Purpose: To evaluate the overall survival prognostic value of preoperative F-fluorodeoxyglucose positron emission tomography (PET) in breast cancer, as compared with the lymph node ratio (LNR).

Methods: Data were abstracted at a median follow-up 14.7 years from a retrospective cohort of 104 patients who underwent PET imaging before curative surgery. PET-Axillary|Sternal was classified as PET-positive if hypermetabolism was visualized in ipsilateral nodal axillary and/or sternal region, else as PET-negative. The differences of 15 years restricted mean survival time ∆ according to PET and LNR were computed from Kaplan-Meier overall survival. The effect of PET and other patients' characteristics was analyzed through rankit normalization, which provides with Cox regression the Royston-Sauerbrei D measure of separation to compare the characteristics (0 indicating no prognostic value). Multivariate analysis of the normalized characteristics used stepwise selection with the Akaike information criterion.

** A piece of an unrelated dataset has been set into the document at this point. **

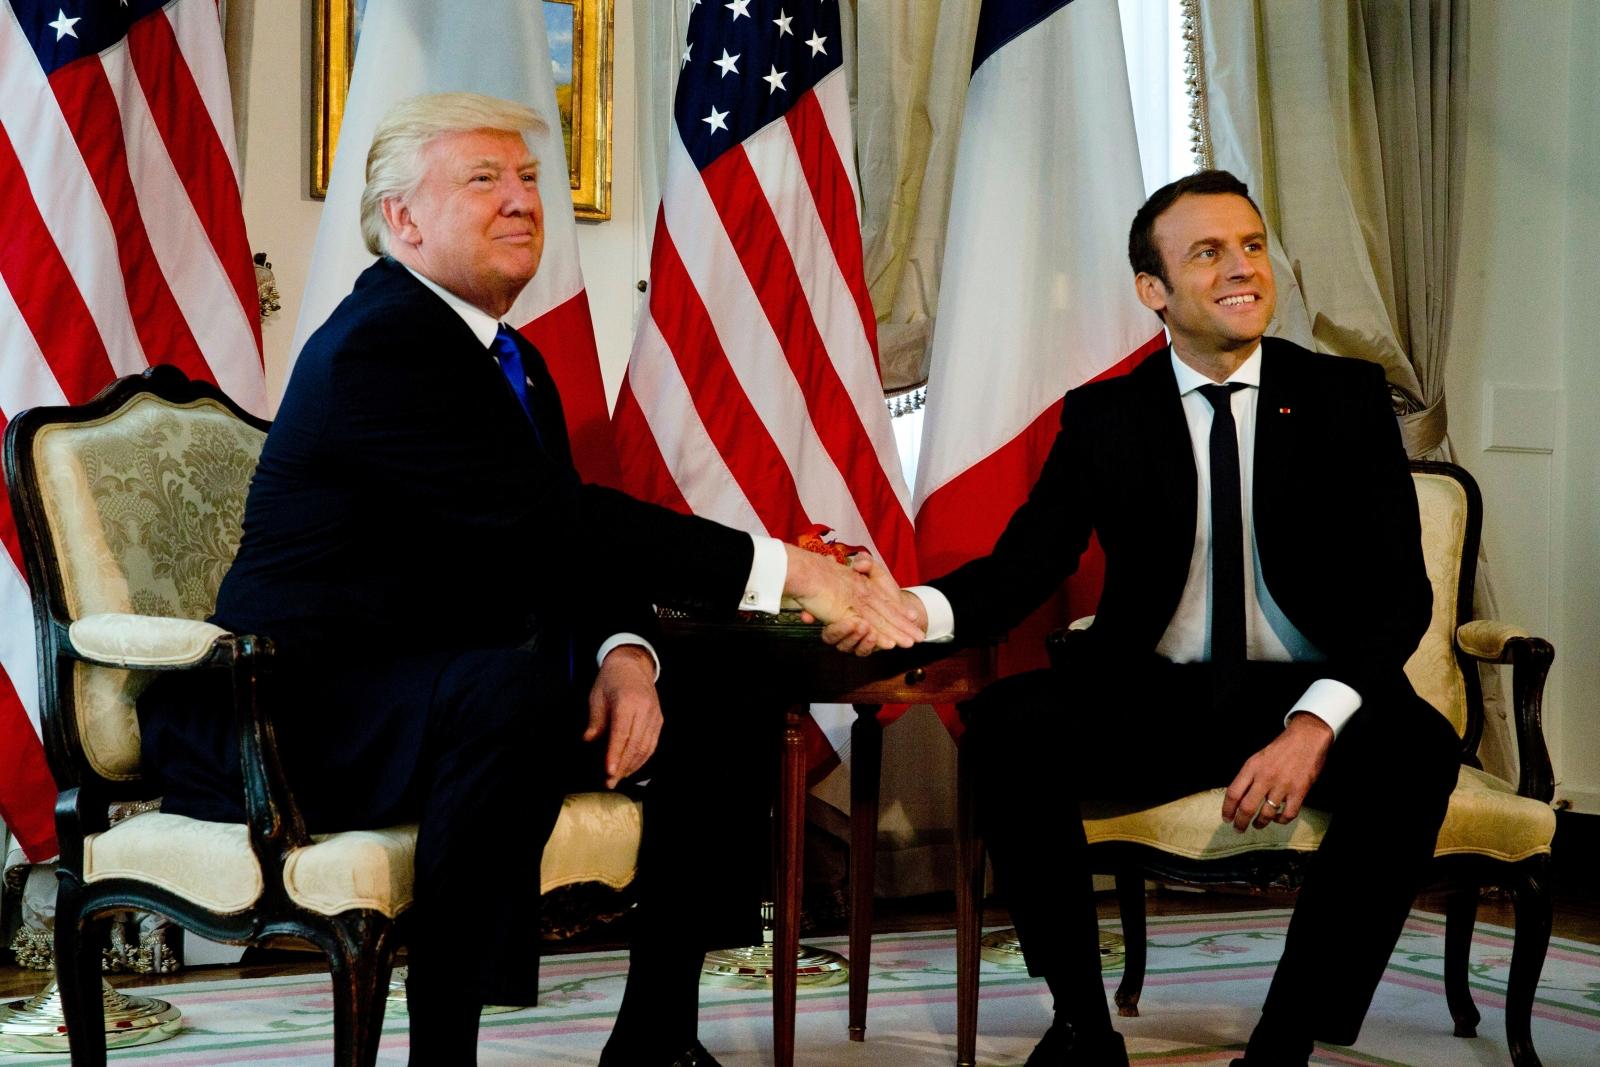 donald-trump-finally-meets-his-hand-shake-match-in-emmanuel-macron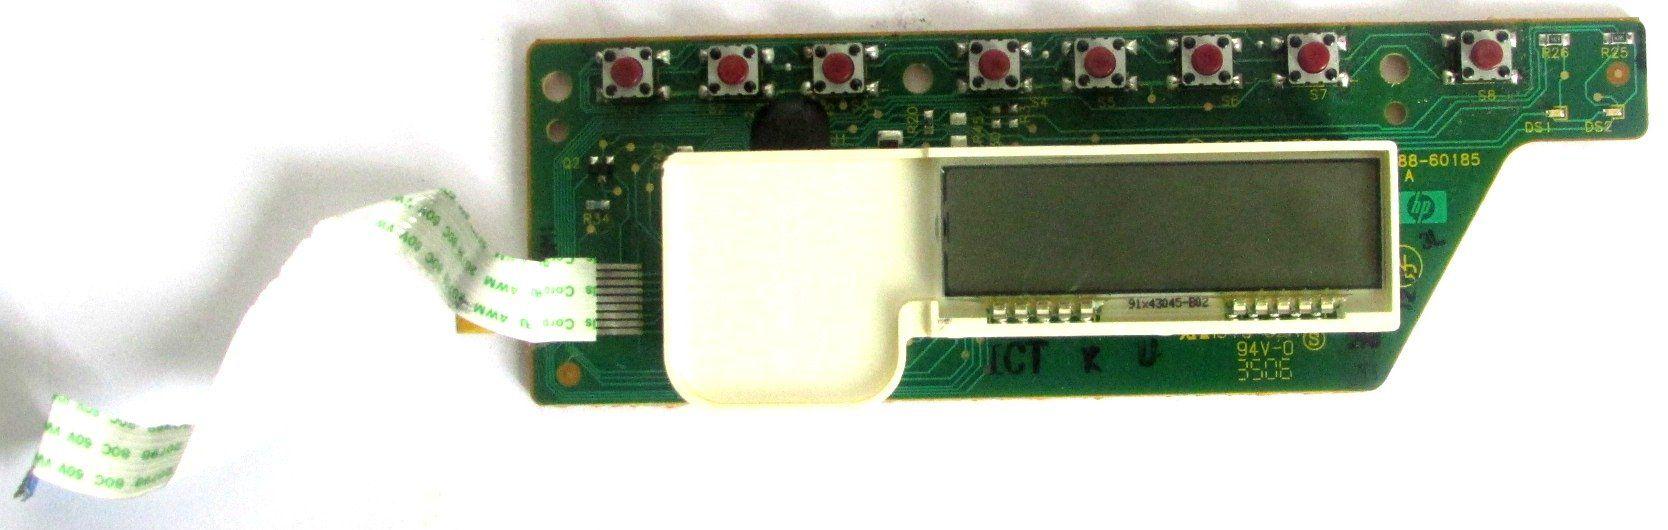 Painel P/ Impressora Hp Photosmart C3180 Multifuncional (semi novo)

Results: In Kaplan-Meier analysis, LNR > 0.20 versus ≤ 0.20 showed ∆ = 3.4 years, P = 0.003. PET-Axillary|Sternal positivity versus PET-negative showed a ∆ = 2.6 years, P = 0.008. In Cox univariate analyses, LNR appeared as topmost prognostic separator, D = 1.50, P < 0.001. PET ranked below but was also highly significant, D = 1.02, P = 0.009. In multivariate analyses, LNR and PET-Axillary|Sternal were colinear and mutually exclusive. PET-Axillary|Sternal improved as prognosticator in a model excluding lymph nodes, yielding a normalized hazard ratio of 2.44, P = 0.062.

Conclusion: Pathological lymph node assessment remains the gold standard of prognosis. However, PET appears as a valuable surrogate in univariate analysis at 15-year follow-up. There was a trend towards significance in multivariate analysis that warrants further investigation.